К основанию каждой статуэтки были прикреплены небольшие прямоугольники белой бумаги. Неровным мальчишеским почерком на одной было написано «Наутилус», а на второй: «Мать и дитя». «Наутилус» был вырезан из тускло-розового мрамора, раковина выходила из камня плавной, гладкой спиралью, не имевшей ни начала, ни конца. Для матери с ребенком был выбран белый мрамор, две головы склонились друг к другу, чуть обозначена линия плеча, призрачная рука, обнимающая, защищающая. Все это казалось метафорой, намеком на реальность, шепотом, а не криком.

Невозможно поверить, чтобы создатель обнаженных красоток внезапно совершил такой скачок в своем творчестве. Наклонившись, Линли потрогал холодный изгиб раковины и в самом низу заметил две вырезанные в камне буквы: М. У. Оглянувшись на обнаженные фигуры, Линли обнаружил на них инициалы К. У. Отец и сын. Но сколь несхожи их вкусы.

– Это работа Мэттью. То есть не те, голые, – другие.

Линли обернулся. С порога кухни за ним наблюдала Пэтси Уотли, а за ее спиной слышался пронзительный, захлебывающийся свист чайника и звуки, свидетельствовавшие, что сержант Хейверс добросовестно занялась приготовлением чая.

– Красивые, – отозвался он.

Пэтси торопливо зашлепала тапочками по тонкому ковру, подошла вплотную к полке. Стоя рядом с ней, Линли ощутил въедливый запах немытого тела и с безрассудным гневом подумал: что он за человек Кевин Уотли, как мог он в первый же день оставить жену наедине с горем?

– Не закончены, – пробормотала она, с нежностью глядя на «Мать и дитя». – Кев принес их сюда прошлой ночью. Они лежали в саду, вместе с работами Кевина. Мэтт возился с ними прошлым летом. Не знаю, почему он не довел дело до конца. Это на него не похоже. Он всегда доводил любое дело до конца. Не мог успокоиться, пока всего не сделает. Таков уж он, Мэтти.
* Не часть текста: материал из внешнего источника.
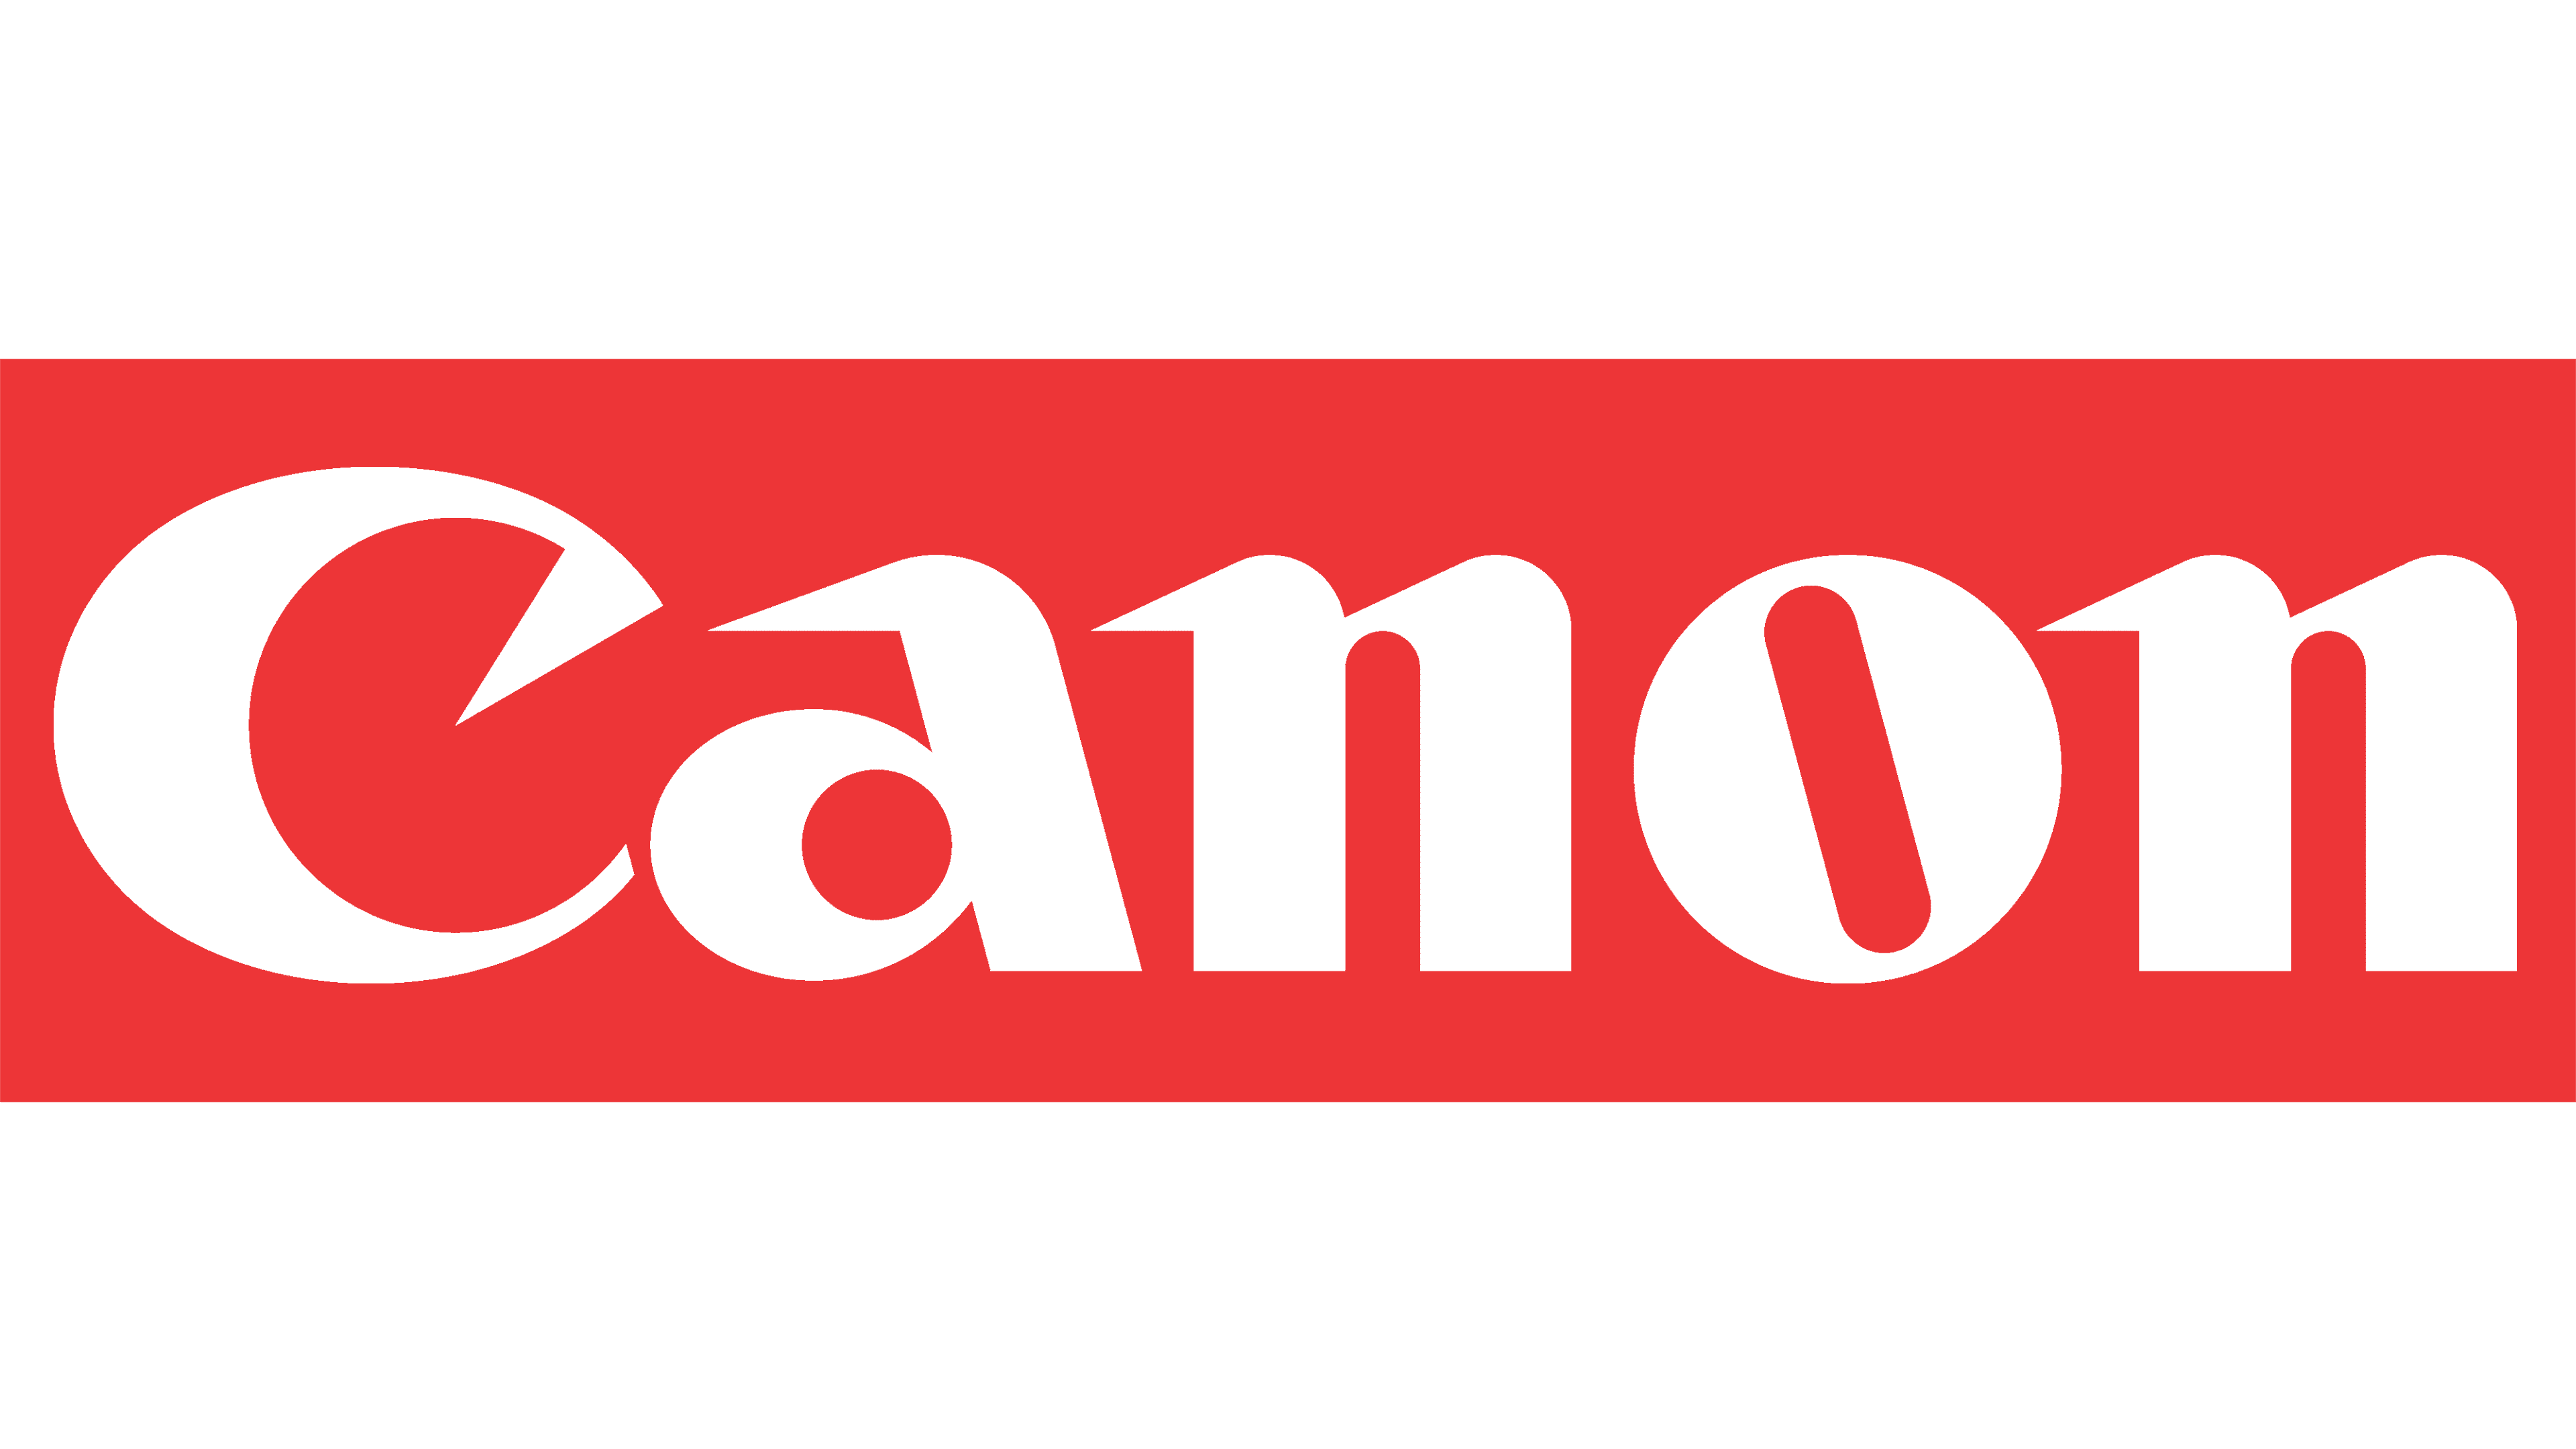 Canon Logo Download Free PNG

До поздней ночи засиживался, когда чем-нибудь увлечется. Только обещал: еще минутку– и в постель. «Еще минутку, мама», – просил он. Но я слышала, он и после полуночи все что-то возился у себя в комнате. Не знаю, почему он не закончил свои статуэтки. Они такие красивые. Не такие правдоподобные, как у Кева, но очень миленькие.
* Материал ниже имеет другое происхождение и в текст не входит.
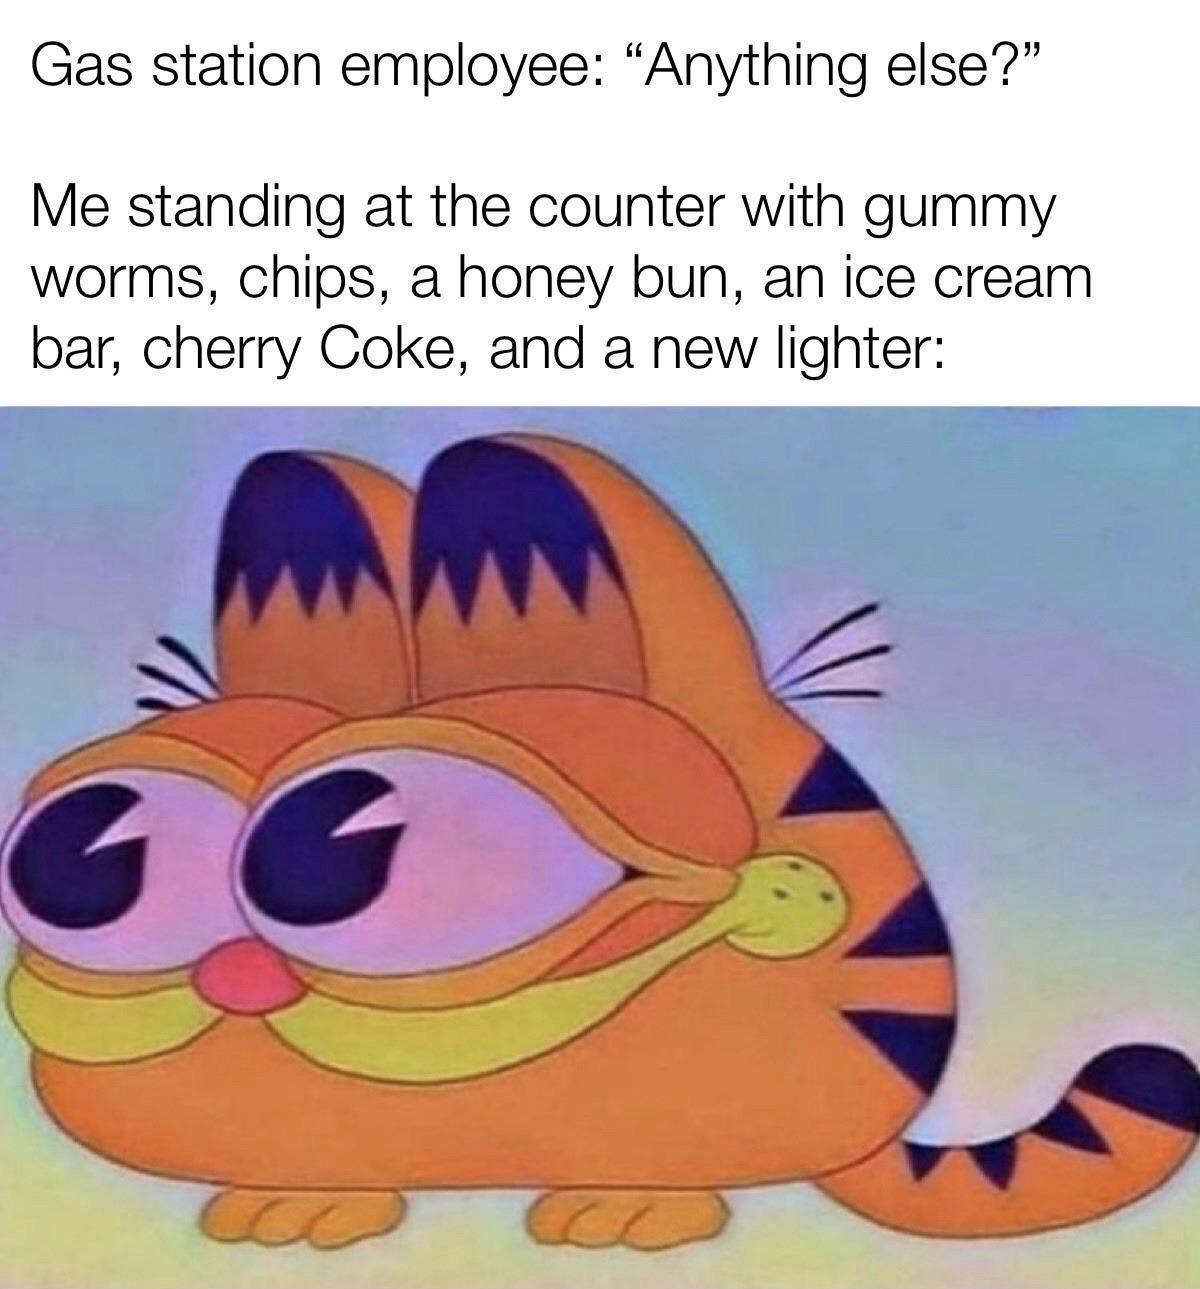 funny memes and pics - i m shy at first meme - Gas station employee "Anything else?" Me standing at the counter with gummy worms, chips, a honey bun, an ice cream bar, cherry Coke, and a new lighter

Пока она произносила свой монолог, сержант Хейверс принесла из кухни пластмассовый поднос и поставила его на металлический кофейный столик возле дивана. На подносе рядом с чайником чашками и блюдцами стояла тарелка с обещанными имбирными бисквитами. Легко было догадаться, что они чересчур долго пролежали в духовке. С них ножом отскребли подгоревшие края, но бока все равно оставались чересчур темными.
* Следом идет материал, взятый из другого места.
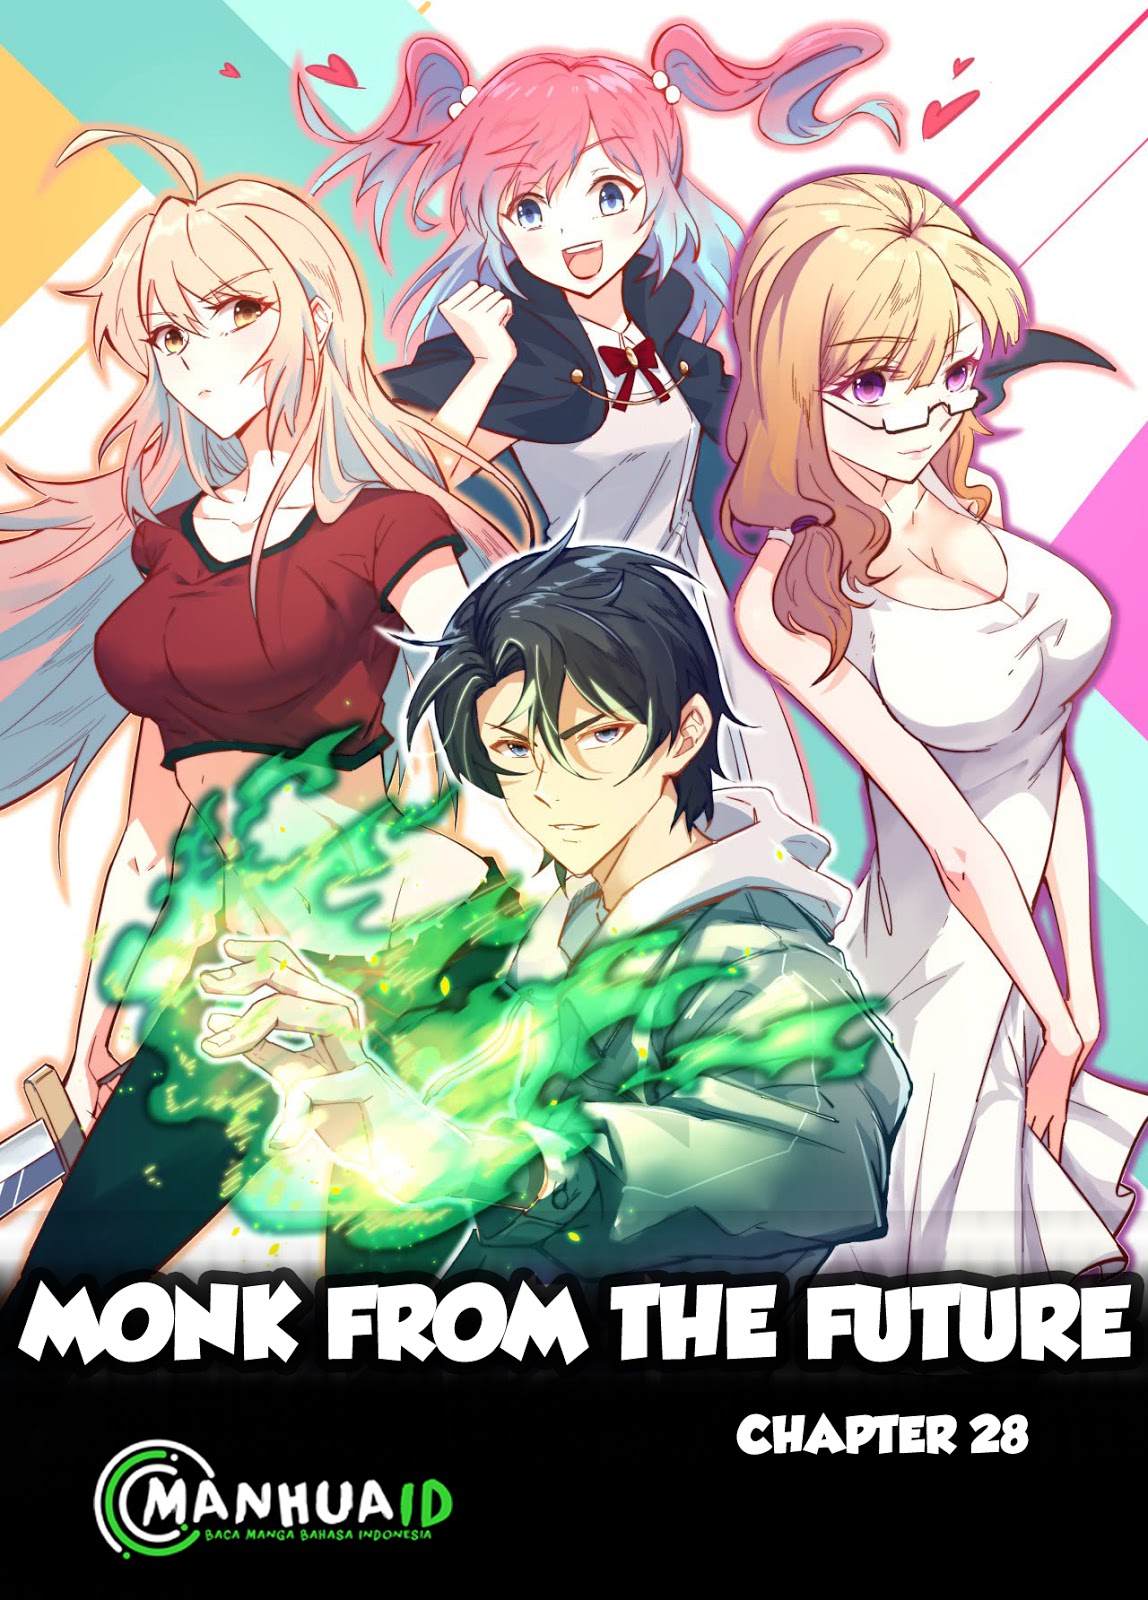 Monk From the Future Chapter 28

Сержант Хейверс разлила чай, все трое сели и на несколько мгновений сосредоточили внимание на чае. В это время снаружи раздались громкие шаги, было слышно, как пешеход свернул в тоннель и остановился перед дверью. Ключ резко повернулся в замке, и вошел Кевин Уотли. При виде полиции он словно оцепенел.

Кевин перемазался с головы до ног. Редеющие волосы покрывала мелкая каменная пыль, она въелась в морщины на лице, на шее и на руках. От пота эта грязь отсырела, потекла, расплывшись неровными пятнами на коже. Голубые джинсы, хлопчатобумажная куртка, рабочие ботинки – все было в тех лее грязных разводах. Линли припомнил слова Смит-Эндрюса: Кевин Уотли зарабатывал себе на жизнь изготовлением надгробий. Неужели он и сегодня увлекся привычным делом?

Захлопнув за собой дверь, мужчина агрессивно произнес:

Ну? Что вы хотите нам сказать?

Он шагнул вперед, на свет, и теперь Линли увидел, что его лоб был недавно рассечен, а вместо пластыря рану покрывает слой свежей грязи.

Вы говорили вчера, что Мэттью получил стипендию в Бредгар Чэмберс, – заговорил он. – Мистер Локвуд сказал мне, что о стипендии хлопотал один из попечителей школы, мистер Джиле Бирн. Это верно?

Кевин молча пересек комнату, выбрал себе один бисквит. Грязные пальцы оставили черный отпечаток на тарелке. Он даже не глянул в сторону жены.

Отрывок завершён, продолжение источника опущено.